In the End, I went a different route which ended up costing a small fortune and a ton of work anyway :laugh: But, it is one thing that I should never have to revisit and the noise from the 044 reminds me of that every day 


...was going to design something similar this to fit but decided MKII opening was too small for something feasible. Went to the Later Corrado tank, which was more viable for this type, but...


----------



## Big Dac With Fries (Feb 1, 2002)

Thanks for posting this thread.
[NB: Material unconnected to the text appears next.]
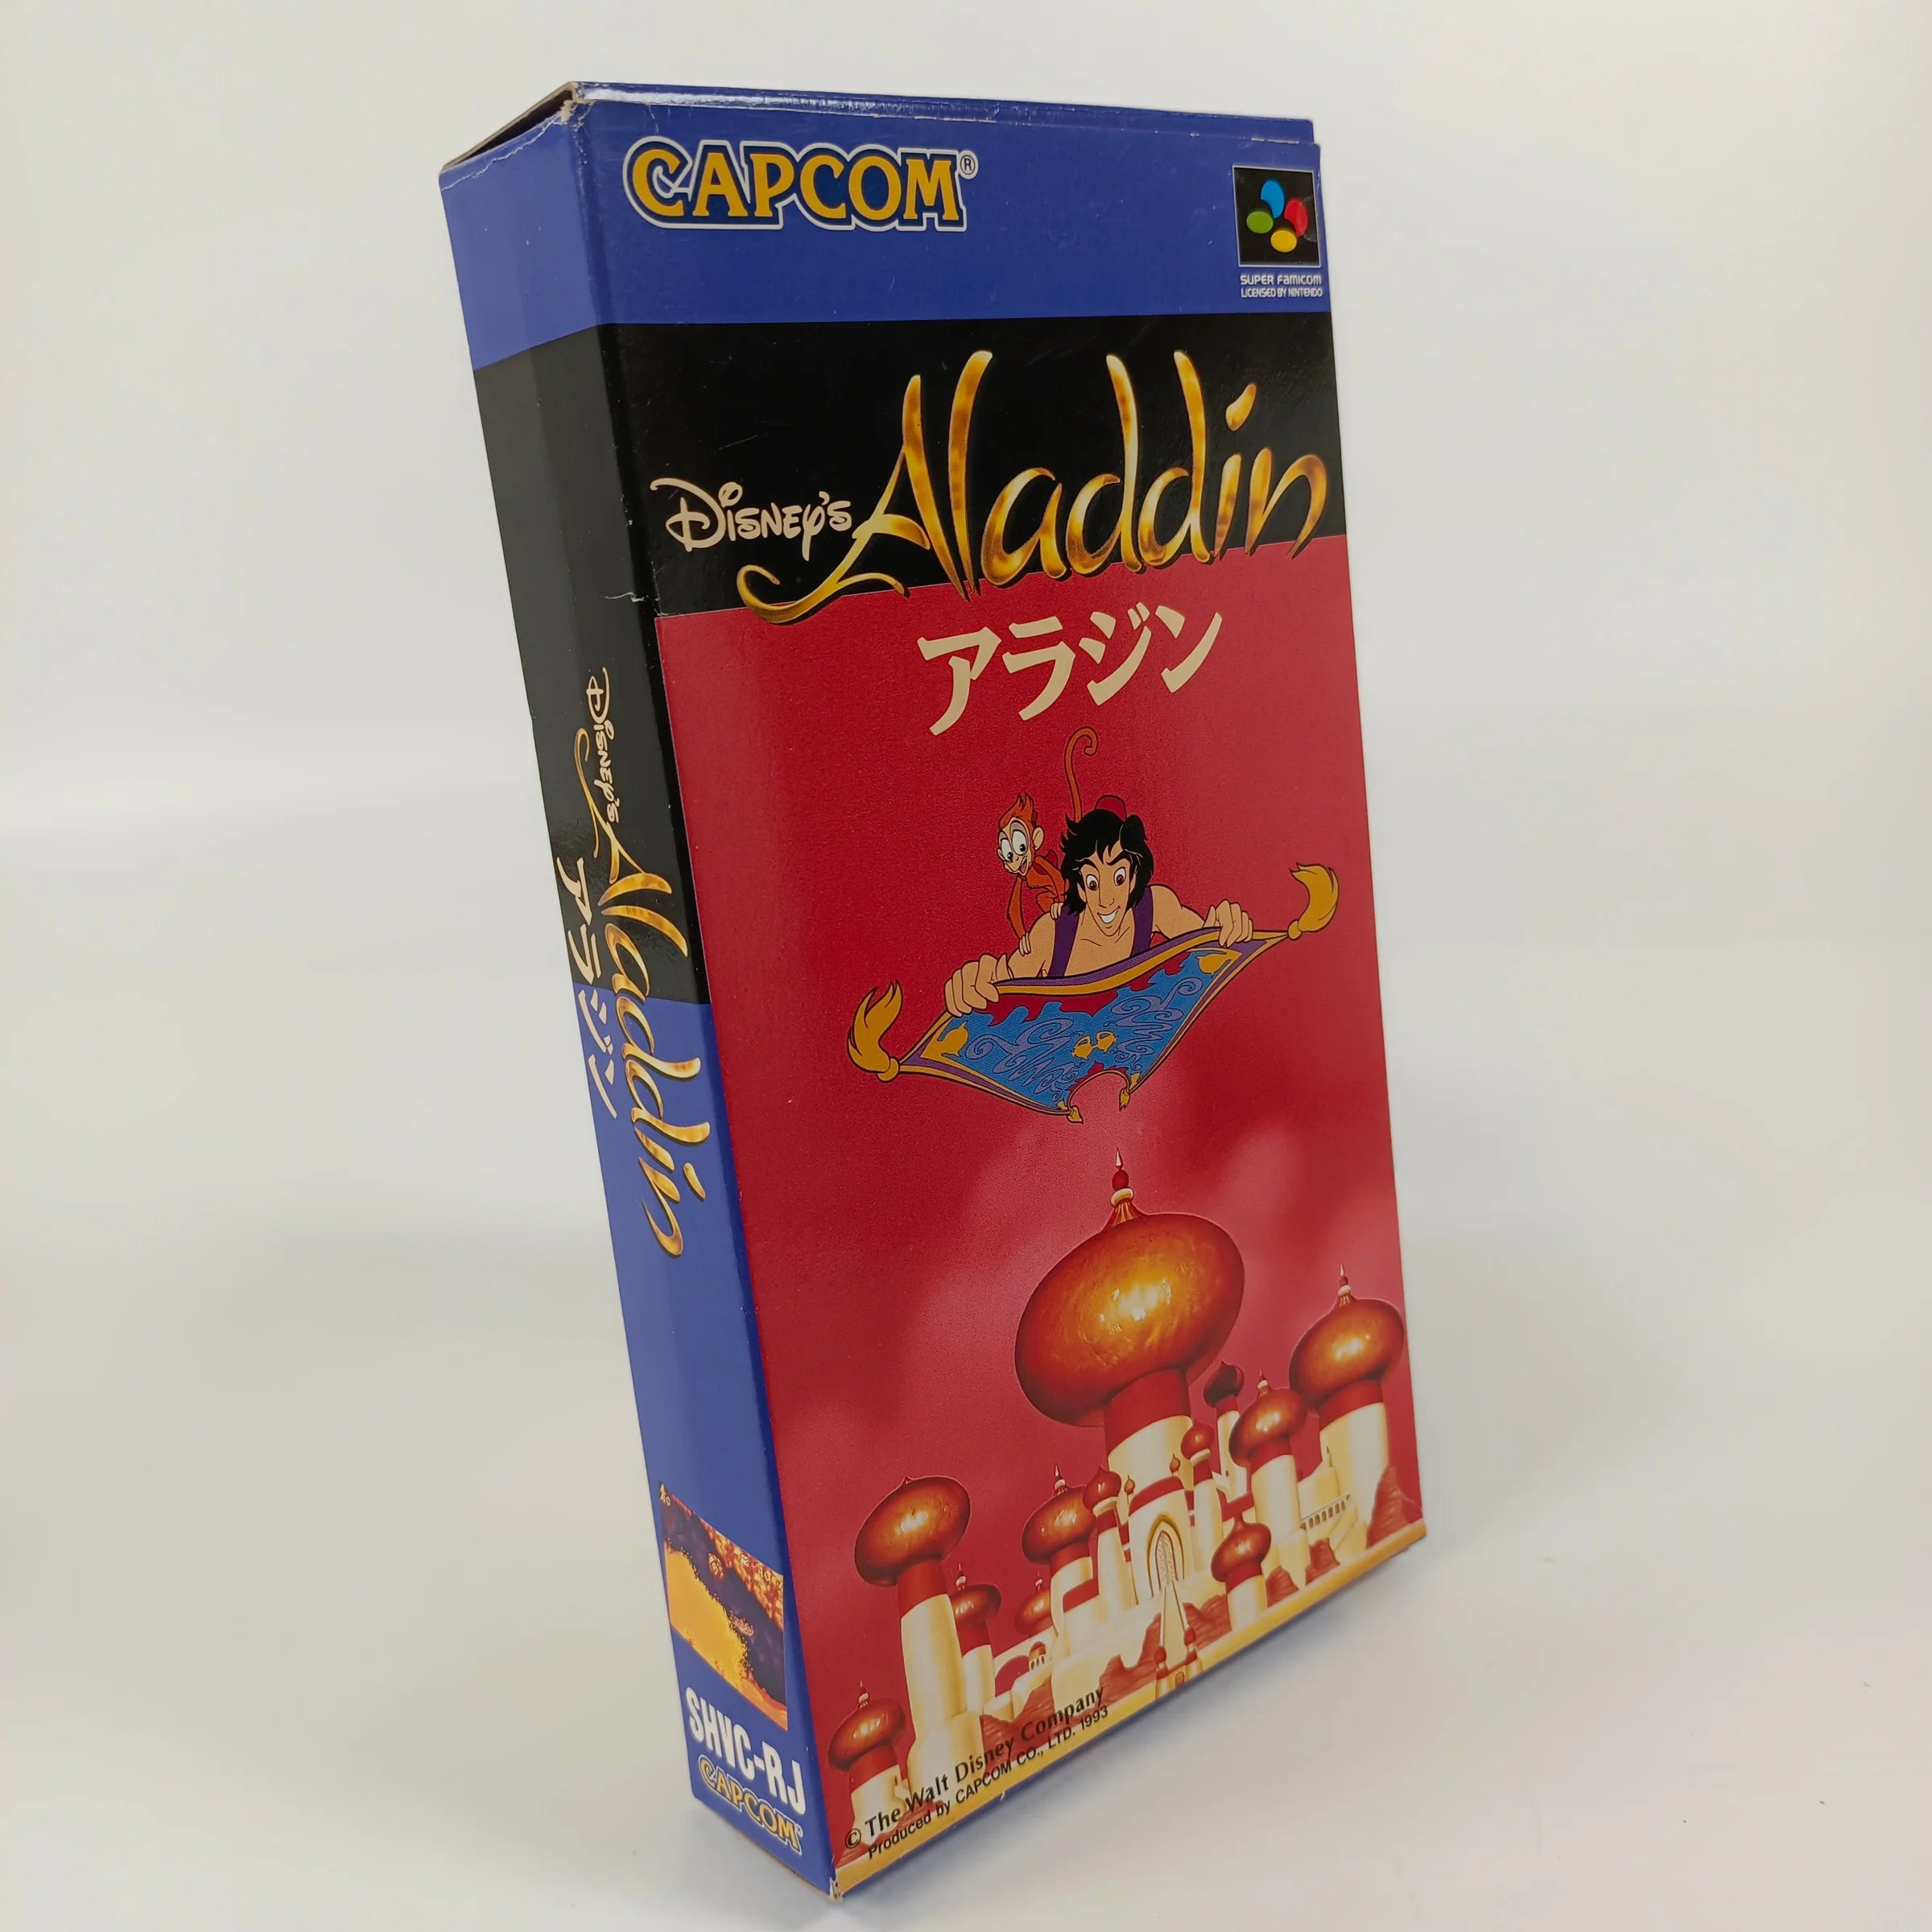 Game Boy Color RED – TokyoLoots

I swapped my stock in-tank pump for an Aeromotive 11142 today and am happy with the results!


----------



## BellCityDubber (Jun 13, 2007)

Haha... hey dac!
I just did this on thursday myself!


----------



## fakename (Apr 5, 2012)

Big bumpin'

Any reason that I shouldn't keep the external pump after I install the stealth while I come up with a bracket for the filter? My intank seems to be dying so I'd like to swap that out soon but can't have a bracket made to hold the filter until later. Hope this is a dumb question. Thanks.


----------



## Mr.loops (May 27, 2010)

Long term testing bump


----------



## fakename (Apr 5, 2012)

Mr.loops said:


> Long term testing bump


I haven't had any problems with it. If I were racing or frequently running below 1/3 tank then I would install some type of inline surge tank or baffling. :thumbup:


----------



## 77blazerdriver (Dec 2, 2008)

fakename said:


> I haven't had any problems with it. If I were racing or frequently running below 1/3 tank then I would install some type of inline surge tank or baffling. :thumbup:



Have you been getting cavitation issues? I am looking at this pump for my 1.8T swap so i can tune for e85.


----------